The symbol of Mary Star of the Sea is the 10-foot bronze statue of Mary mounted on top of the church's bell tower, her arms outstretched toward the Port of Los Angeles. The bronze statue was a gift of the parish's fisherman. In a 1961 interview, Msgr. Scott noted that the parish's fisherman had set aside $7,000 from their "often meager tuna-catch earnings" to pay for the statue. Msgr. Scott encouraged the fishermen in his parish to build altars on fishing ships and asked fleet skippers to pass along their religious beliefs to their crews.

In 1989 the new pastor, Msgr.
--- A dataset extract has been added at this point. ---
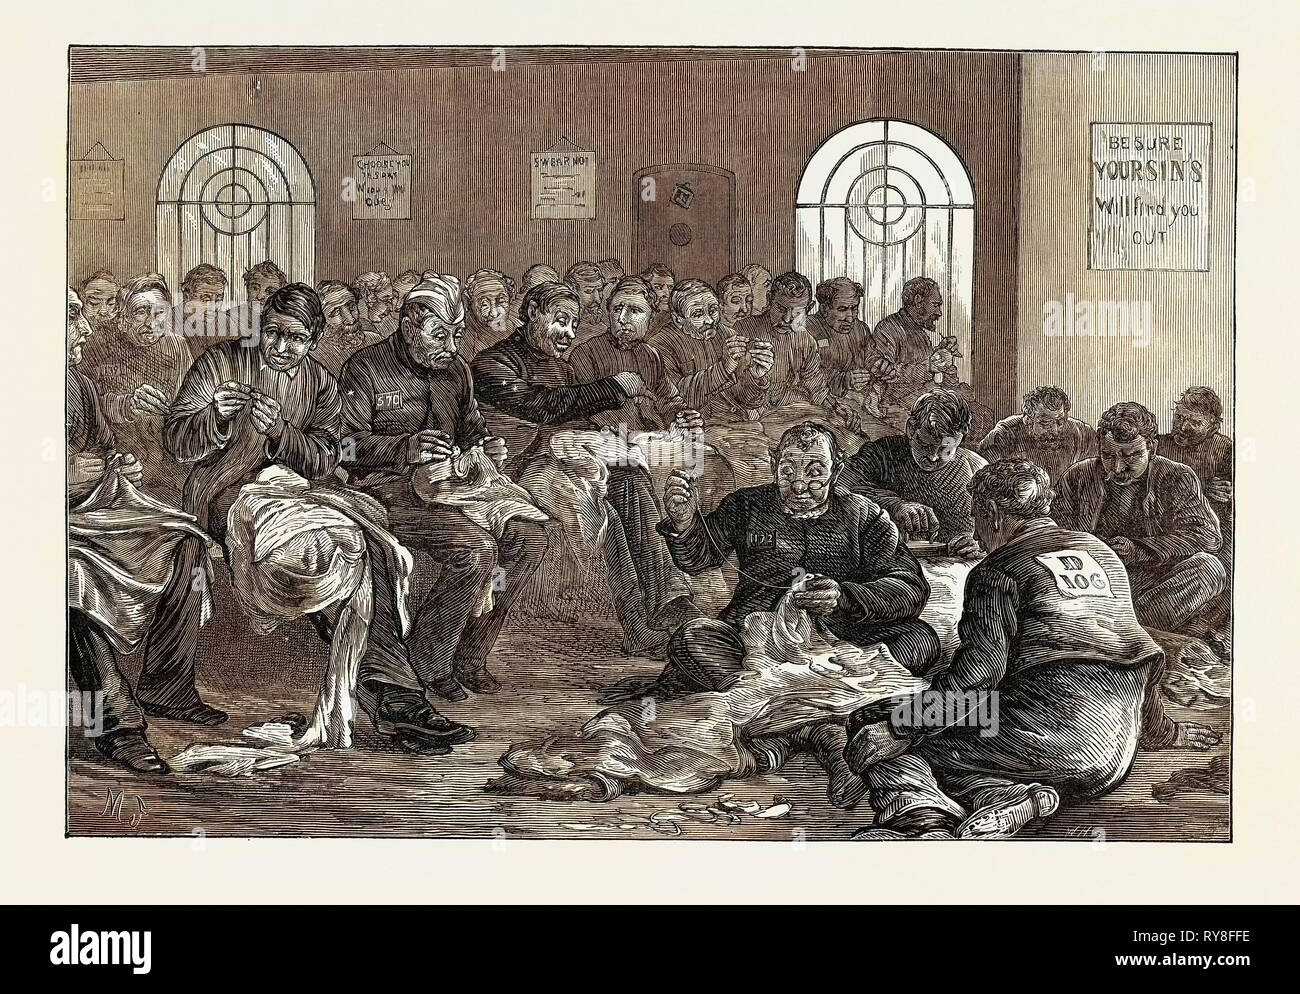 The Clerkenwell House of Correction: The Needle Room 1874 - Stock Image

Gallagher, noted the importance of the bronze statue: "Our parish gets its name from the fishermen - the Virgin Mary guiding and protecting them when they are at sea. The statue of Mary on top of the church on the hill overlooking the harbor is lit every night so the fishermen can see her when they enter or leave the harbor on their boats."
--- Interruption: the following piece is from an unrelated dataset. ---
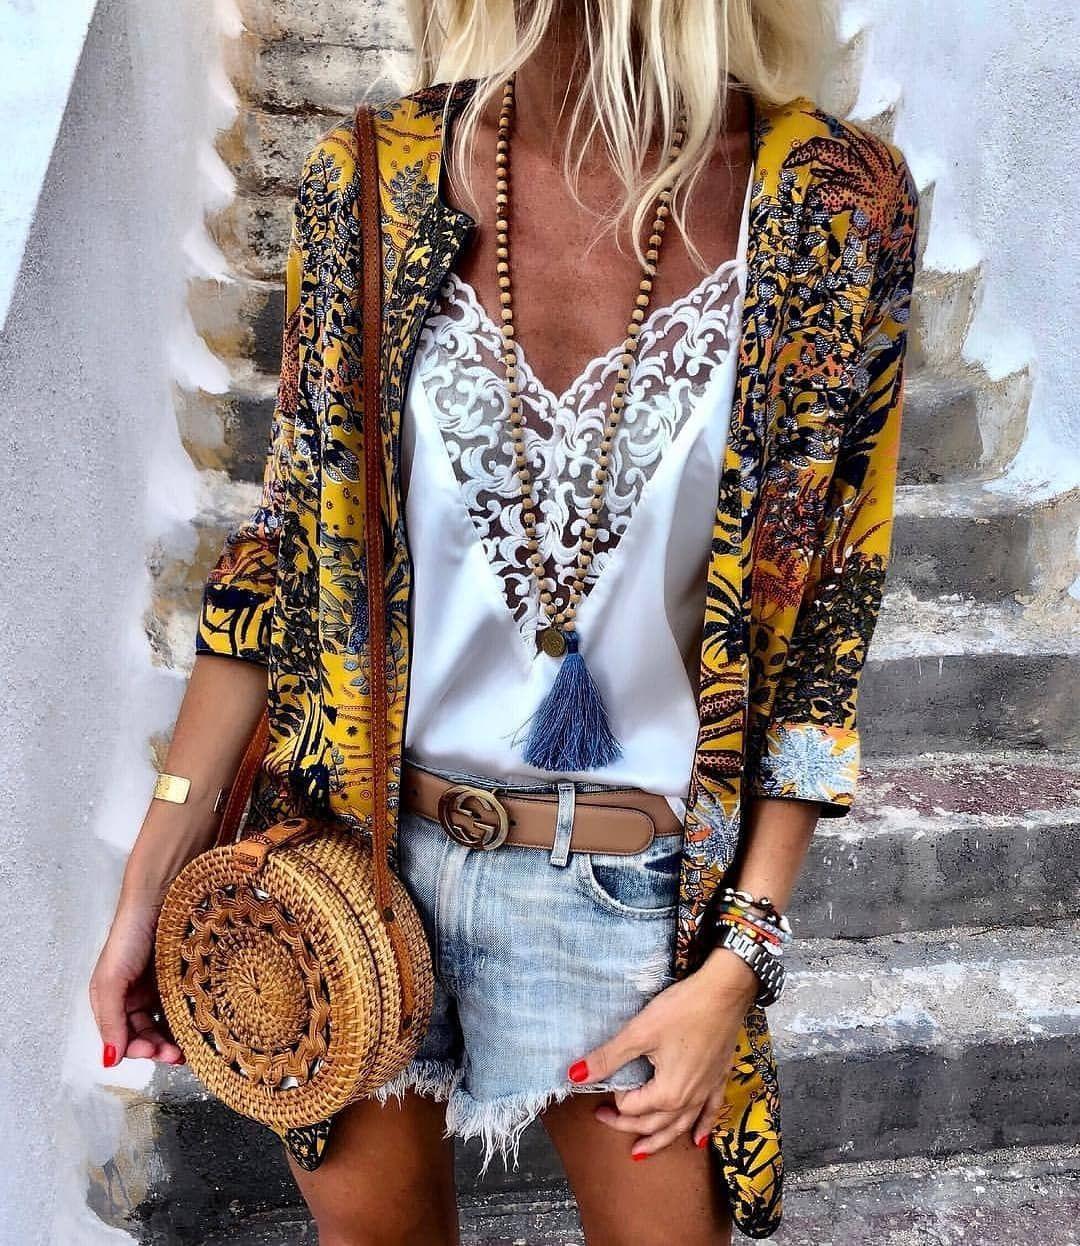 "Fashion Designer on Instagram ""Today outfit ☀☀☀☀☀☀ Via @annamavridis   Anzeige                                                                  boho bohostyle…"" is part of Boho chic outfits - 2,893 Likes, 55 Comments  Fashion Designer (@free spirit loveee) on Instagram ""Today outfit ☀☀☀☀☀☀ Via @annamavridis   Anzeige                                                   …"""

Other elements of the church also carry out the fishing fleet theme. Prominent among those elements is the large statue of Mary standing over the altar, cradling a tuna clipper in her arms. There is also a large mosaic of Mary standing on the ocean waves above the church's front entrance. Below the mural, the word "Stella Maris" are written, words used as a sign of hope since the fifth century in liturgical literature. In the 12th century St. Bernard offered this prayer: "If the winds of temptation arise…look to the star. If you are tossed upon the waves…look to the star; call on Mary." Finally, a large stained-glass window to the right of the altar depicts Jesus in a boat speaking to the fisherman.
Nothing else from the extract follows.